GROMACS version: 2018
GROMACS modification: No

Dear all,

If I am not entirely wrong the histo-clust.xvg given out by gmx clustsize -hc is the cluster size distribution histogram presenting the number of occurrence of each cluster size (with size one molecule/atom, with size two molecules/atoms … up to the max size) during the course of simulation. Would you please confirm if I am right?

If so, then for a system like mine in which the aggregates are forming and getting larger and larger during the simulation (number of clusters are decreasing logically), I would expect to see an up ward shift in the histo-clust.xvg plot toward the larger size clusters along the simulation. In contrast, the most populated cluster size is cluster with size one molecule as comparing the histo-clust.xvg of three time intervals of early, midd and last stages of a 600 ns simulation, shows below.

So, either I have misunderstood what the -hc in gmx clustsize calculates or something is not just right, anyway, I would be so grateful if one could briefly explain the story for me.

Thank you,

Any comment, please?

What is reported is the real distribution cluster-size/number, averaged over the trajectory.
Your graph shows a decrease of the amount of 1-size cluster moving from 1-10 to 590-600 ns, that means that more atom/molecules are involved in large cluster (but the dimension (size) of those cluster may vary during the simulations.
If one has large cluster of constant dimension (size=9) always present in the trajectory (every frame), then the graph will show a pick at 9 with the height of the pick=1 and the rest zero.
Best regards

Thanks for the nice clarification, you are right.
The real distribution cluster-size/number for one single frame is fully fine, however, I doubt that averaging over the frames of the trajectory makes sens for the cluster-size/number histograms, as histograms are not simply averaged likes averaging a normal quantity, if I am not wrong.

One more issue, regarding the average cluster size given by clustsize -av:

I wonder how Gromacs calculates the average cluster size for each frame?
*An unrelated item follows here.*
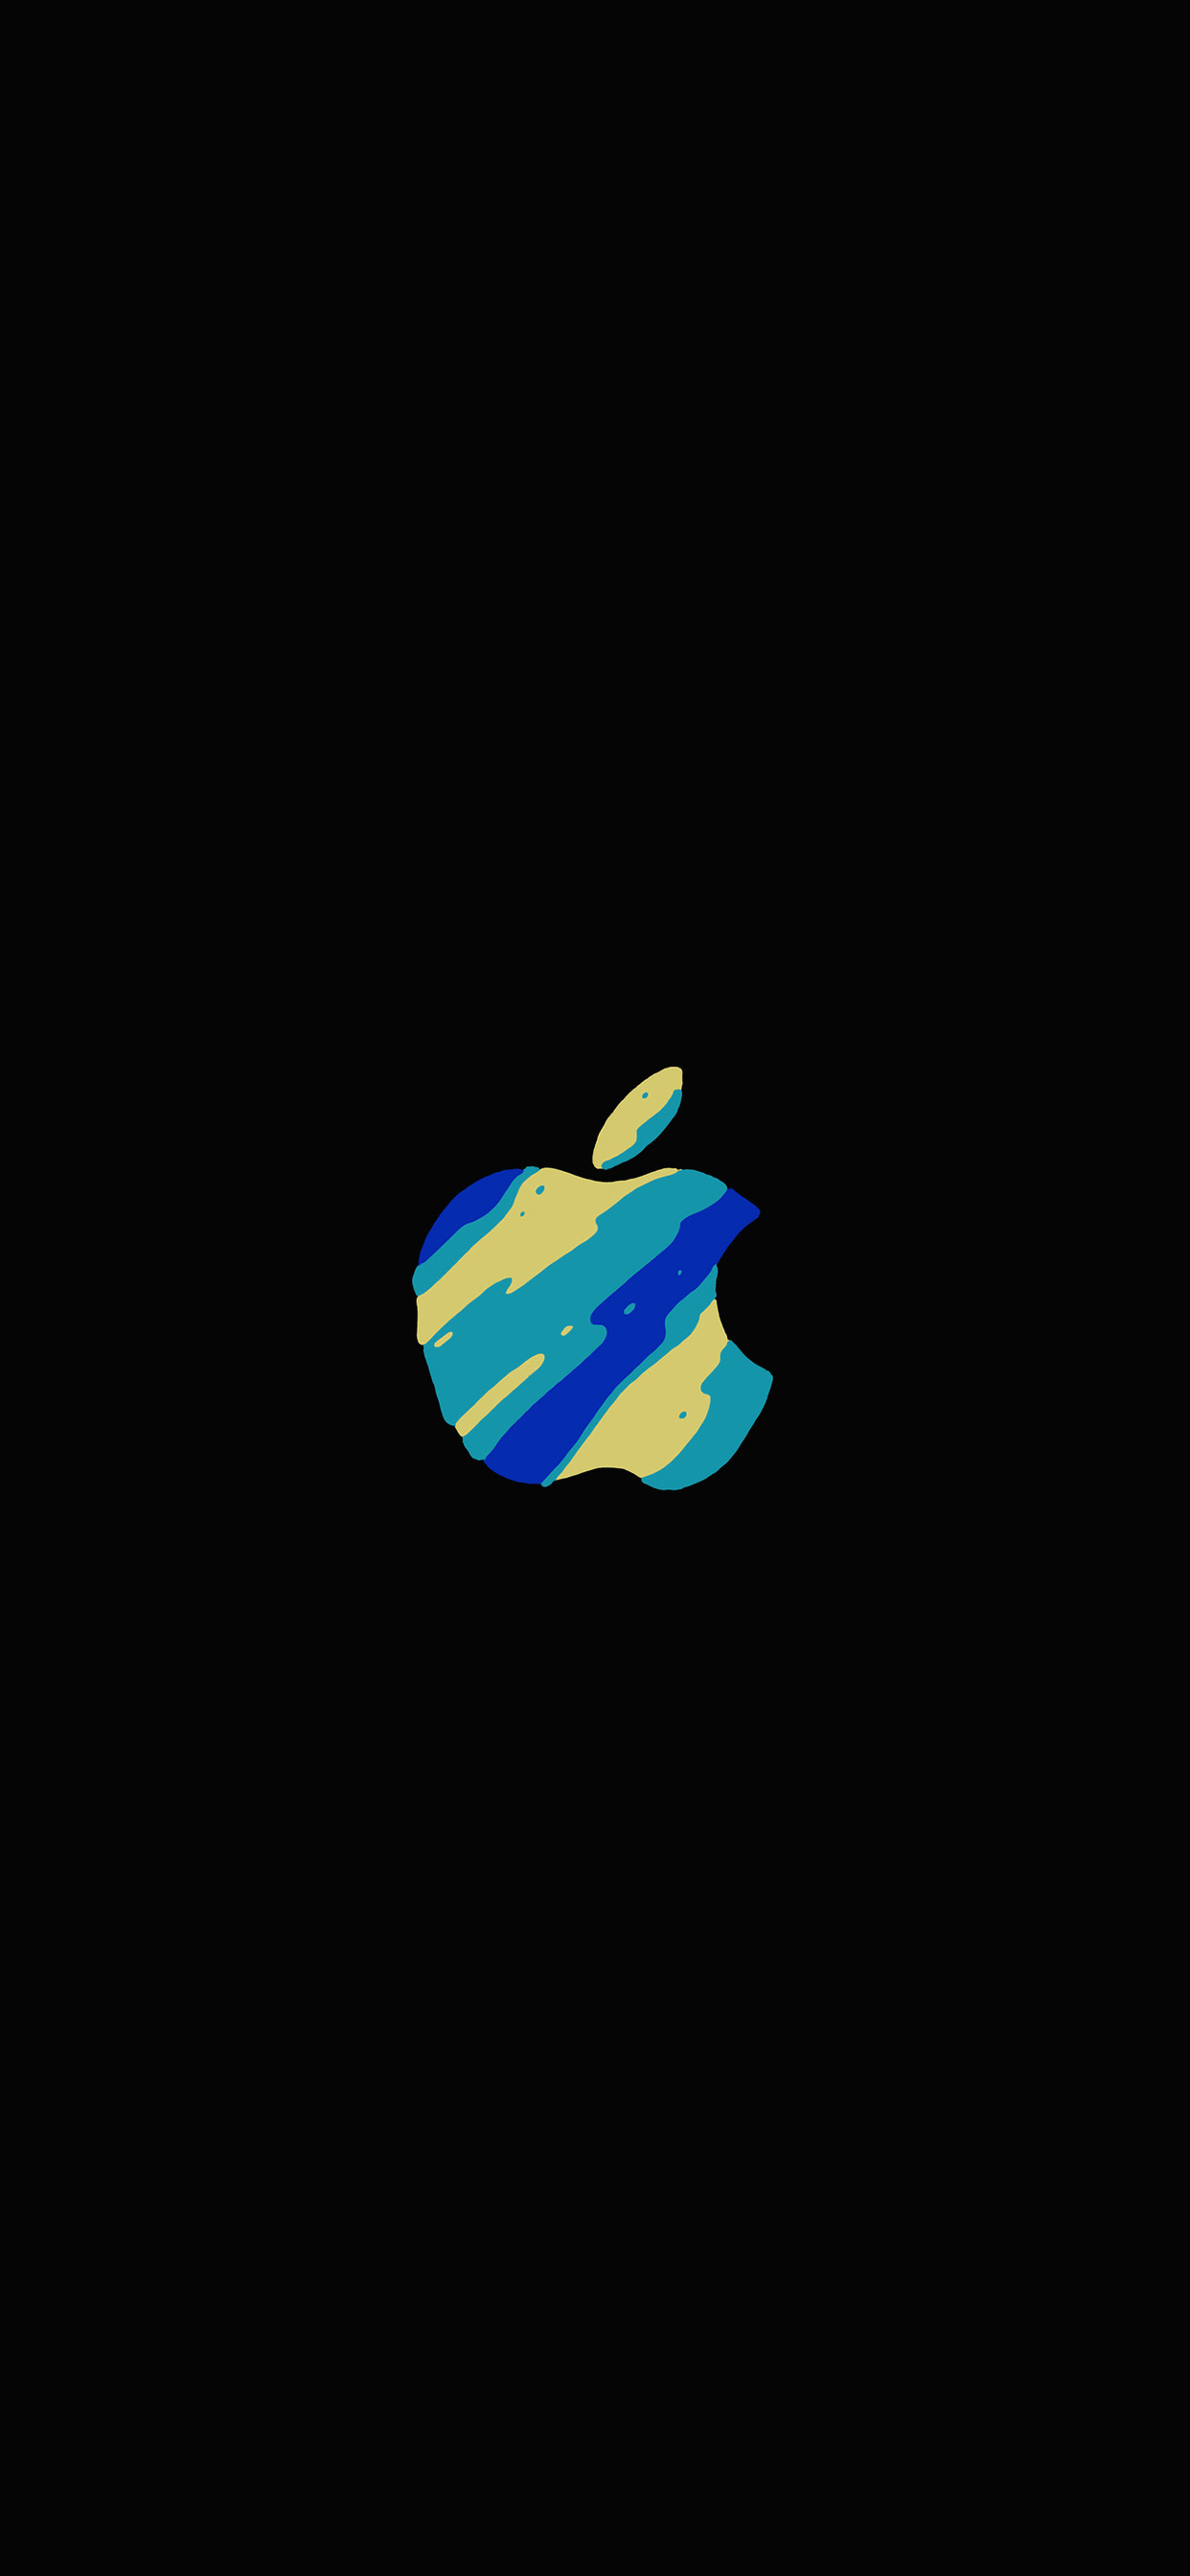 Apple logo Wallpaper for iPhone X, 6 Download

Is the average cluster size the mean cluster size? if so, then, the mean of a histogram is calculated as \frac{\sum\limits_{i=1}^{\textrm{max~size}}~(\text{size}_i \times \text{number}_i )}{\sum\limits_{i=1}^{\textrm{max~size}}~\text{number}_i} by which I calculated the average of histo.xvg for several frames and they don’t agree with the ones reported in average.xvg.

Thank you